Activity: An exact copy of the listing is required, with its pictures removed.

Dataset extract:
· · · ·

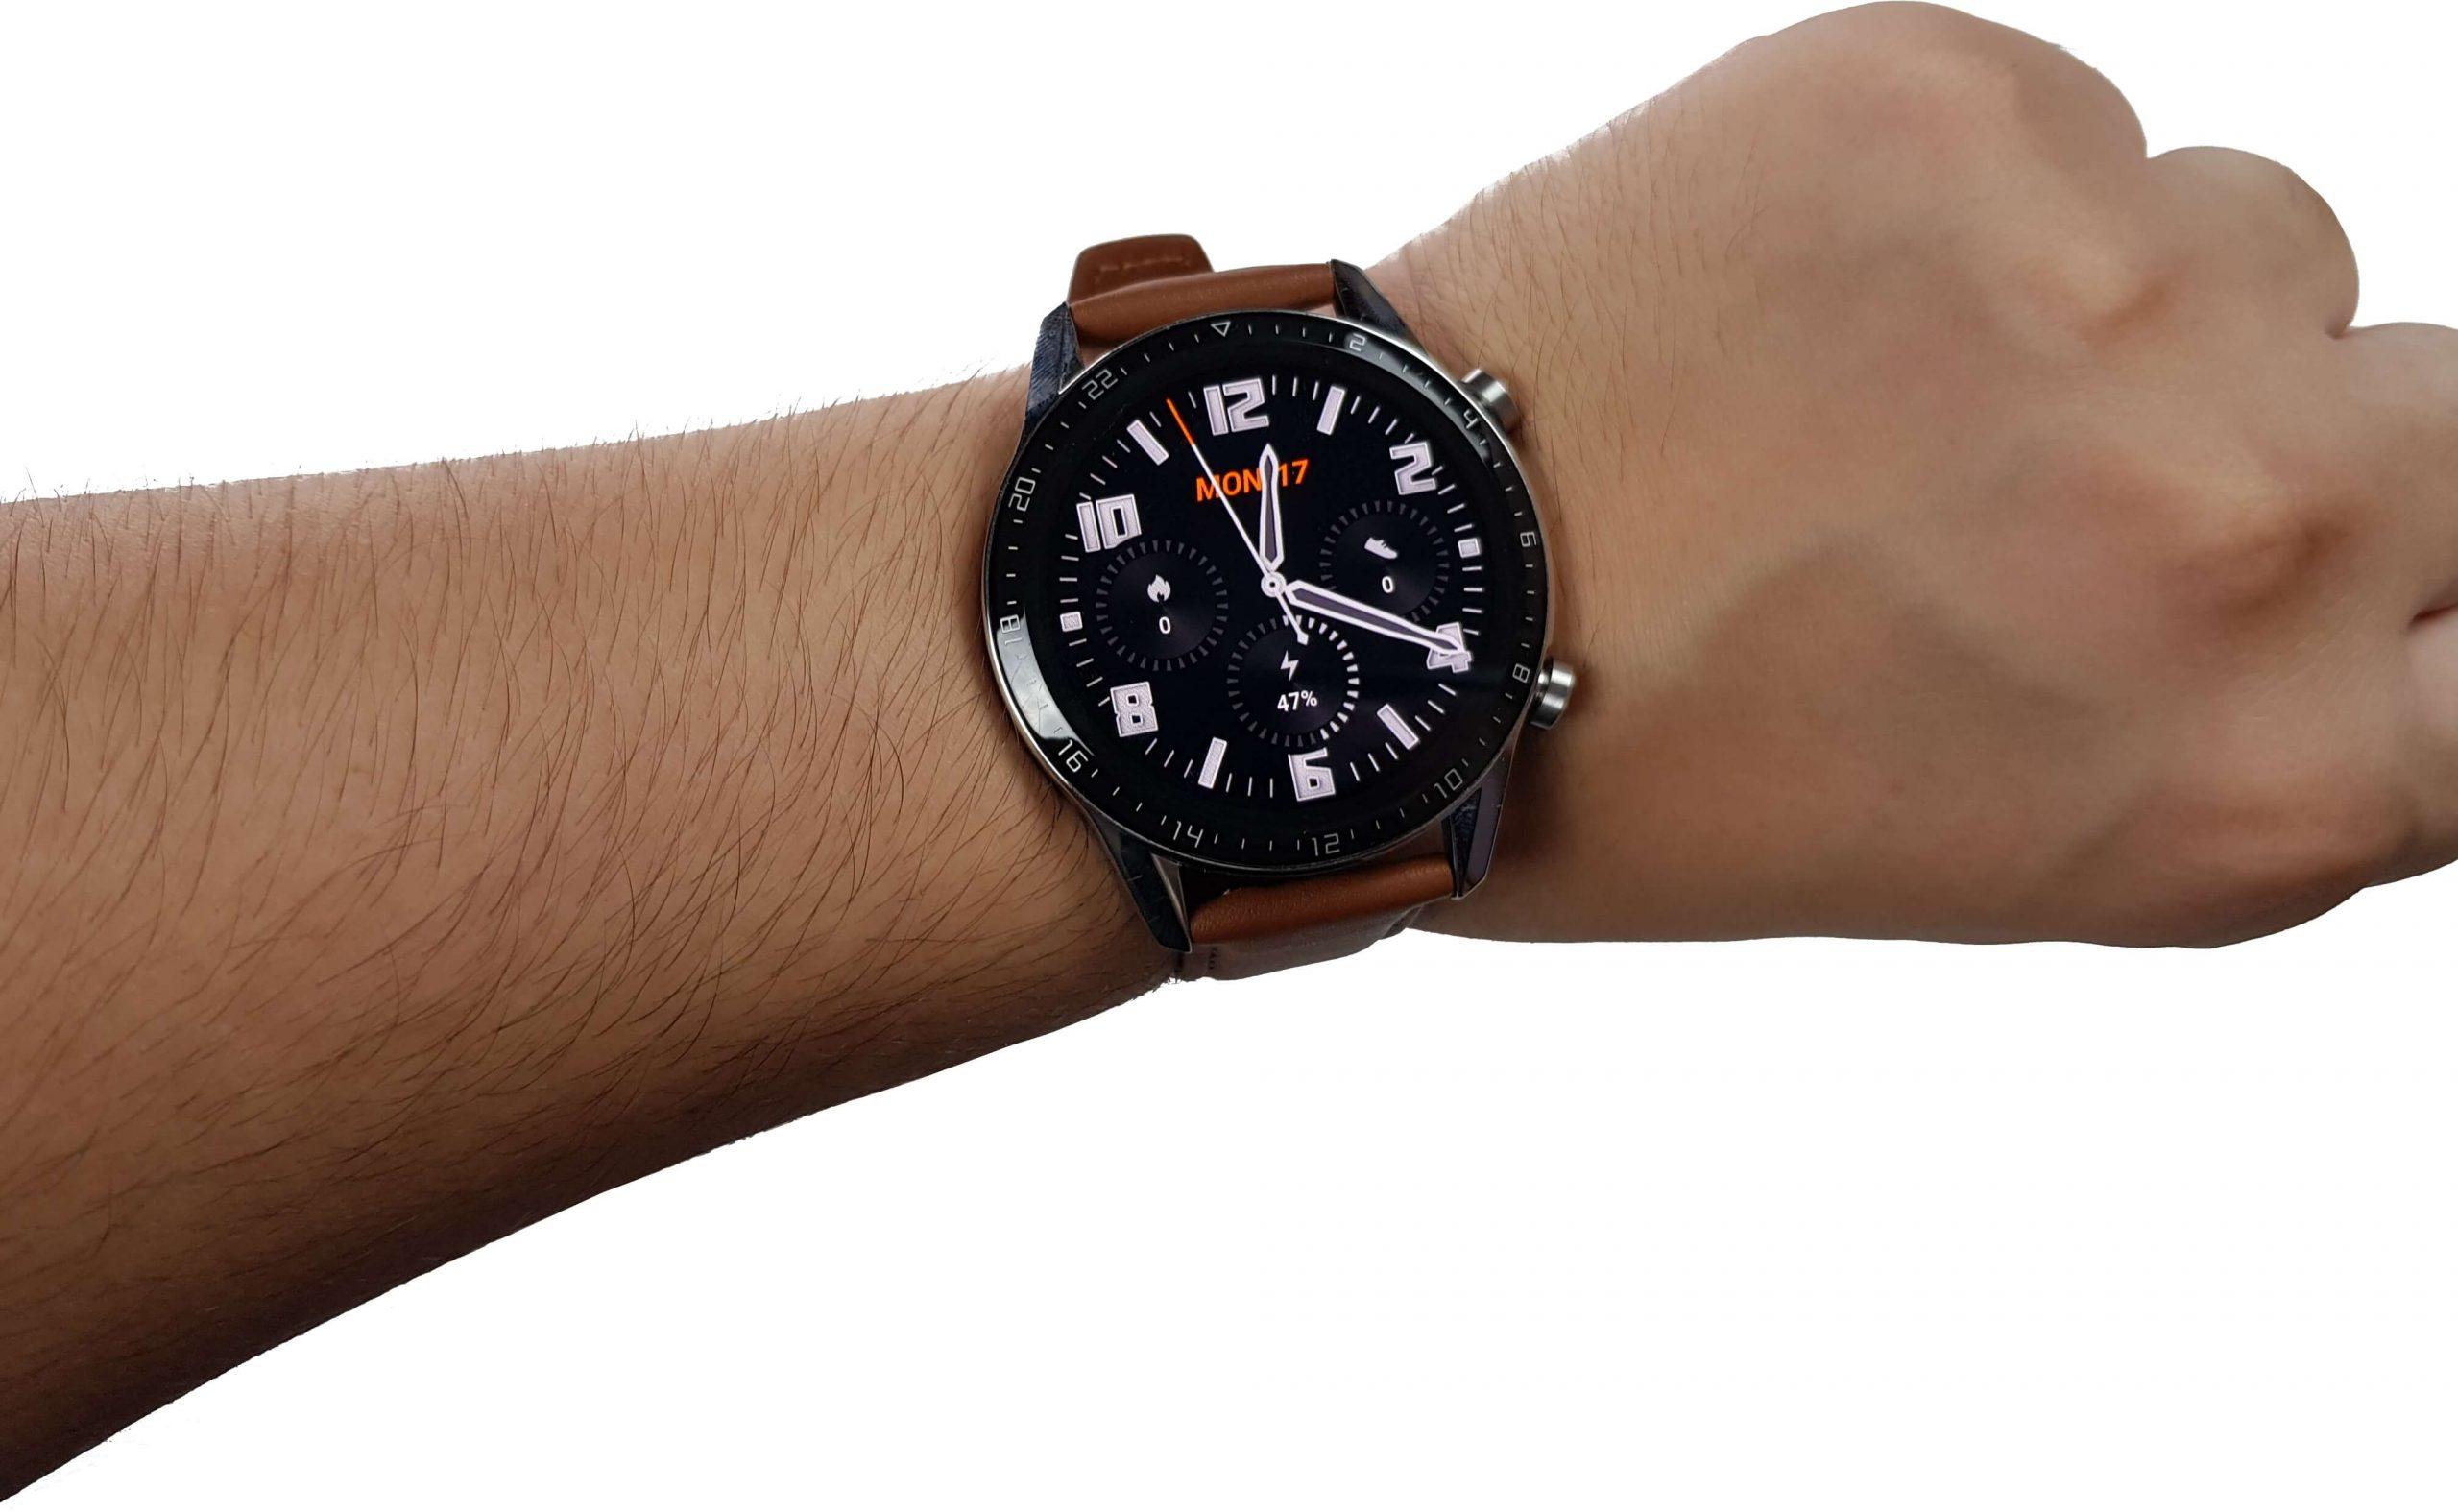 reloj inteligente huawei watch gt 2 en la muñeca
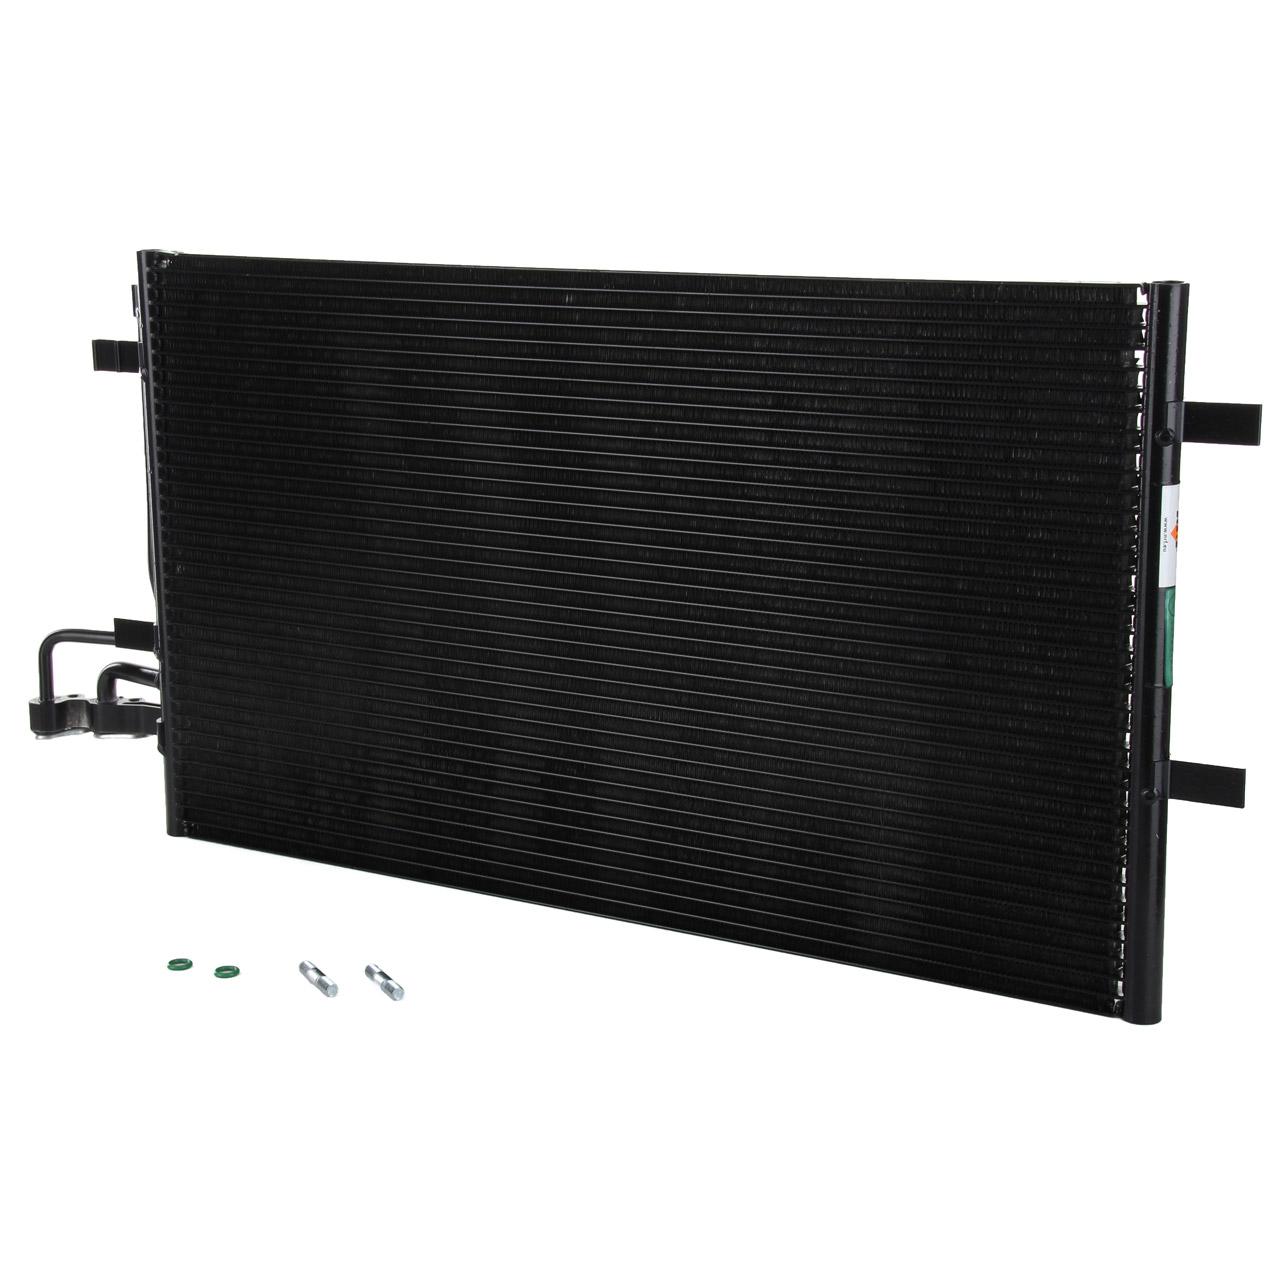 NRF 35551 Kondensator Klimakondensator EASY FIT FORD C-Max DM2 Focus 2 MK2 1234248
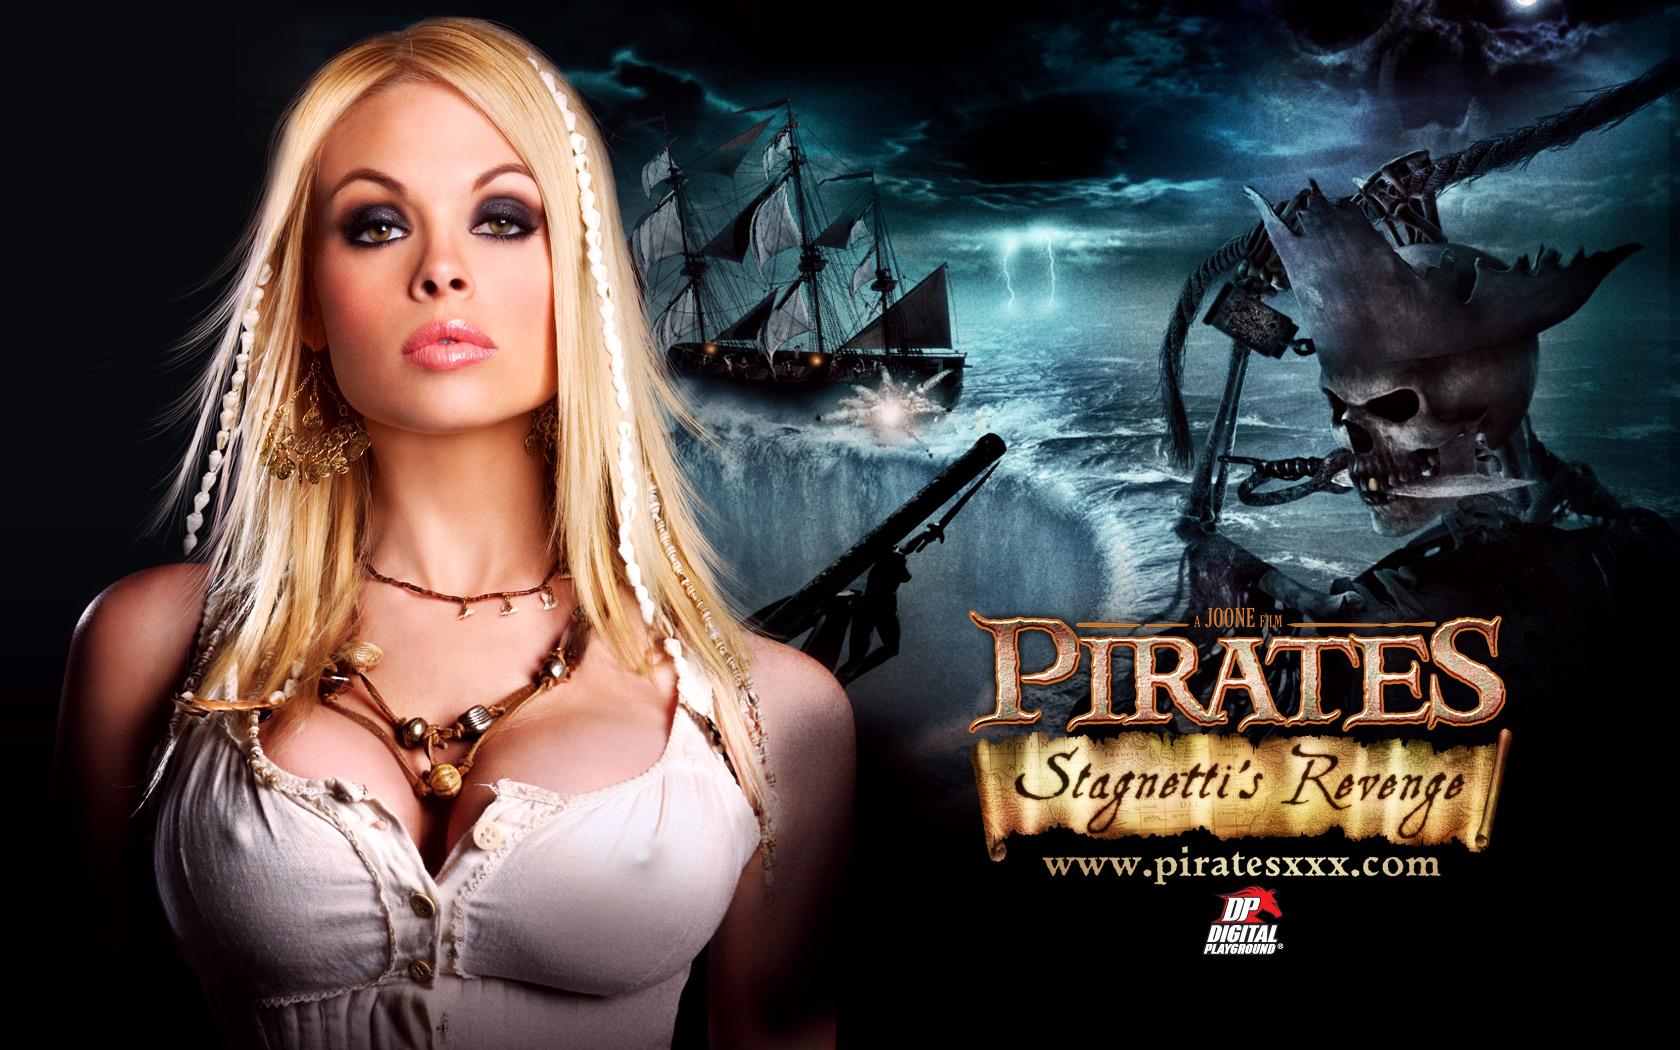 смотреть полнометражные порно фильм пираты

· · · ·

Answer section:
 reloj inteligente huawei watch gt 2 en la muñeca
 NRF 35551 Kondensator Klimakondensator EASY FIT FORD C-Max DM2 Focus 2 MK2 1234248
 смотреть полнометражные порно фильм пираты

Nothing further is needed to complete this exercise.